IIRC the proof is something like, given a Turing machine that runs in space S, to consider traces of the the computation, which are concatenations of S-long strings (plus a head indicator holding the machine's internal state etc). You can make a regex that matches invalid executions of the machine, which are basically of the form
/.* (foo1.{S}bar1 | foo2.{S}bar2 | ...) .*/
where foo1->bar1, foo2->bar2 etc are all the types of invalid transitions (basically, either something on the tape not next to the head changed, or the head changed in a way not indicated in the state table).
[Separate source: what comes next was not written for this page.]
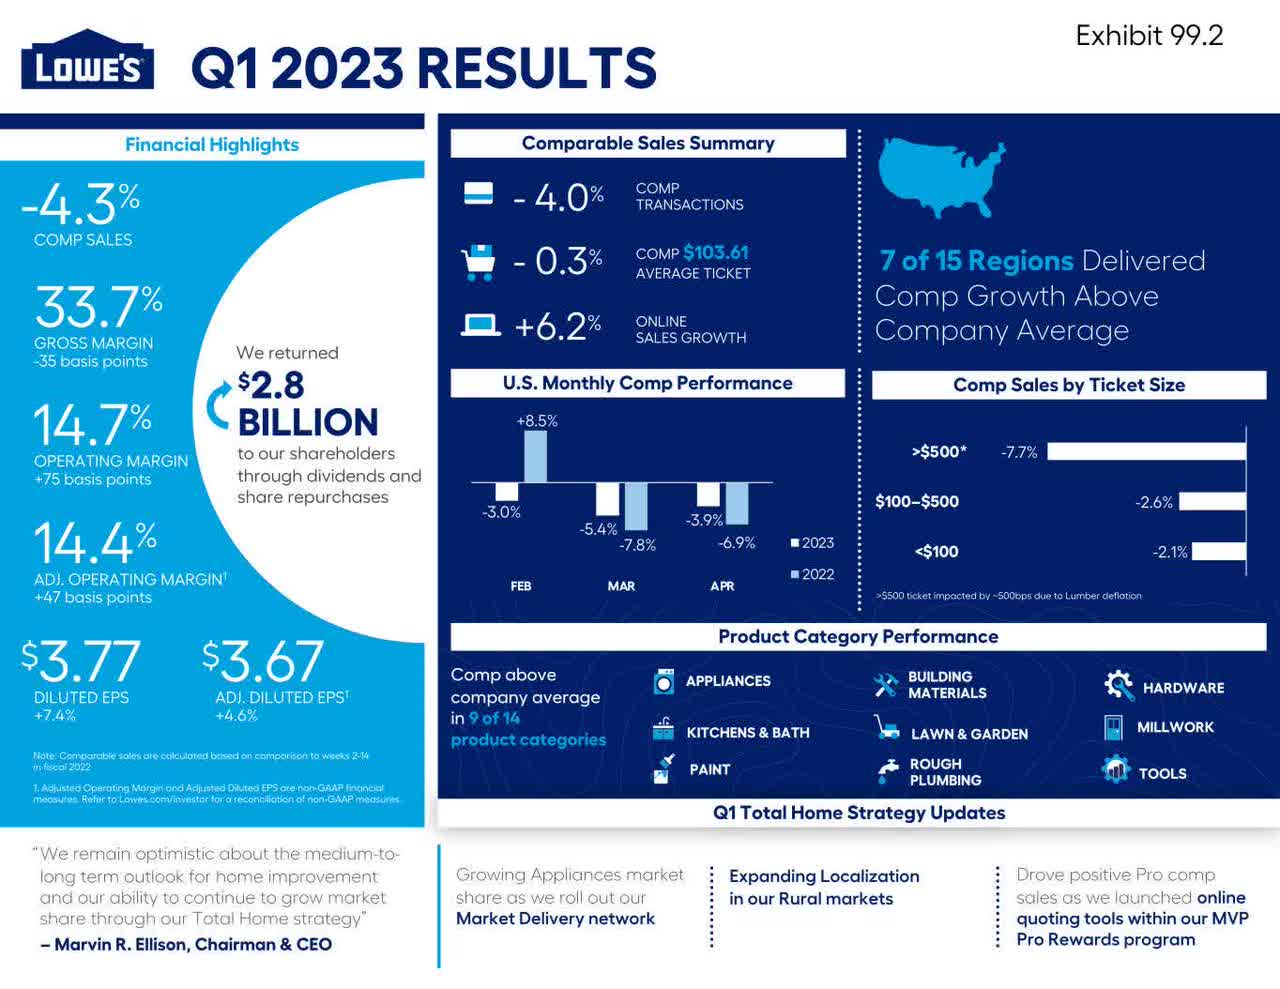 Graphic showing Q1 2023 results from Lowe's company
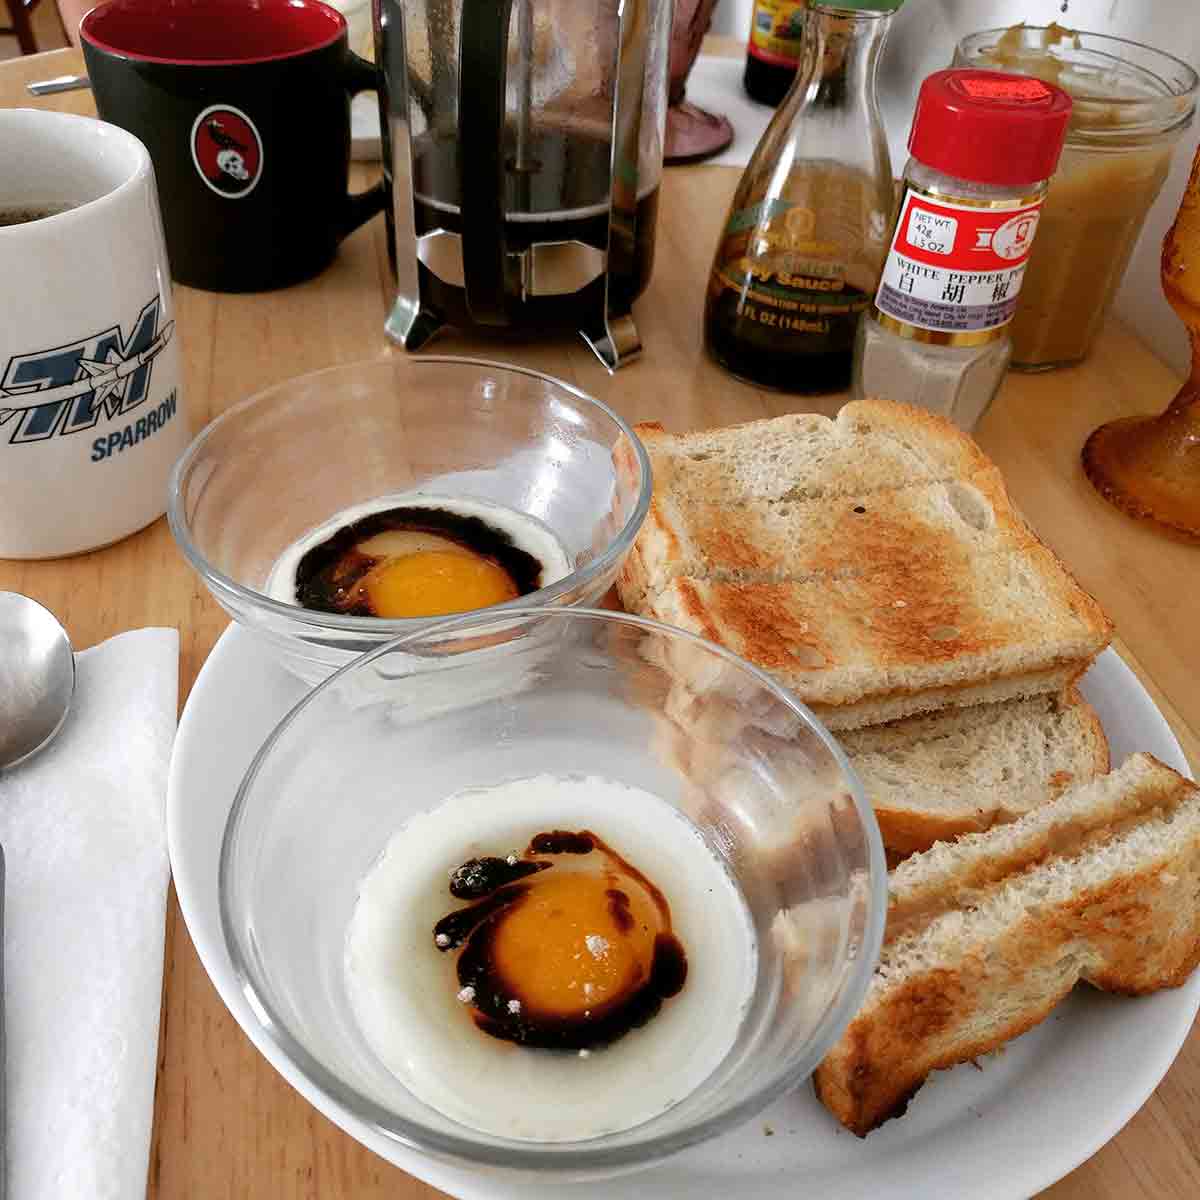 One poached egg each in two custard cups, with a bit of soy and white pepper. The cups are on a plate alongside a stack of kaya toast (kaya and butter sandwiched between toast cut into strips). In the background is a coffee mug next to a French press, along with the condiments used in the breakfast.

You also set rules to enforce the initial state. Then you ask whether:
/wrong initial state | invalid execution | execution that doesn't end in "accept"/
is the same regex as
/.*/
If it's the same, then there are no strings which don't match the first regex; such a string must have the right initial state, a valid execution, and end in "accept". So if the two are the same, then all valid executions end in "reject". Since you aren't constrained to allow only a single state transition rule, this actually shows NEXPSPACE hardness, but that's equal to EXPSPACE by Savitch's theorem. Anyway I could be misremembering this, it's been a while, but it doesn't require backreferences.
The squaring is required to make the {S} part without exponential blowup. Otherwise, I think the problem is only PSPACE-hard (PSPACE-complete? I don't remember).
it always bugged me as a student that had to sit through all those discrete maths lectures that standard regex libraries don't allow you to union/intersect two "compiled" regular expression objects together
(having to try them one an a time is pretty sad)
Oh neat, this is scala via scalajs.
On mobile: are the rectangle glyphs as suffixes on the states on purpose or am I missing a font?
The states are numbered, $\alpha_0, ..., \alpha_N$ and $\beta_0, ...$. You might be missing the font for the digits.
ugh STOP USING GITHUB
Can LLMs do this?
I wouldn't use an LLM for anything that can be done 100% precisely, like this.
OK, just curious how LLMs are stacking up in logical tasks like this. I kept hearing we were close to AGI so just wondering how far there is to go.
Humans can do these intersections, but we don’t do it by riffing off the top of our heads. We carefully develop and apply a formal system. LLMs are just (a very important) component.
We've been "close" to AGI for like 40+ years.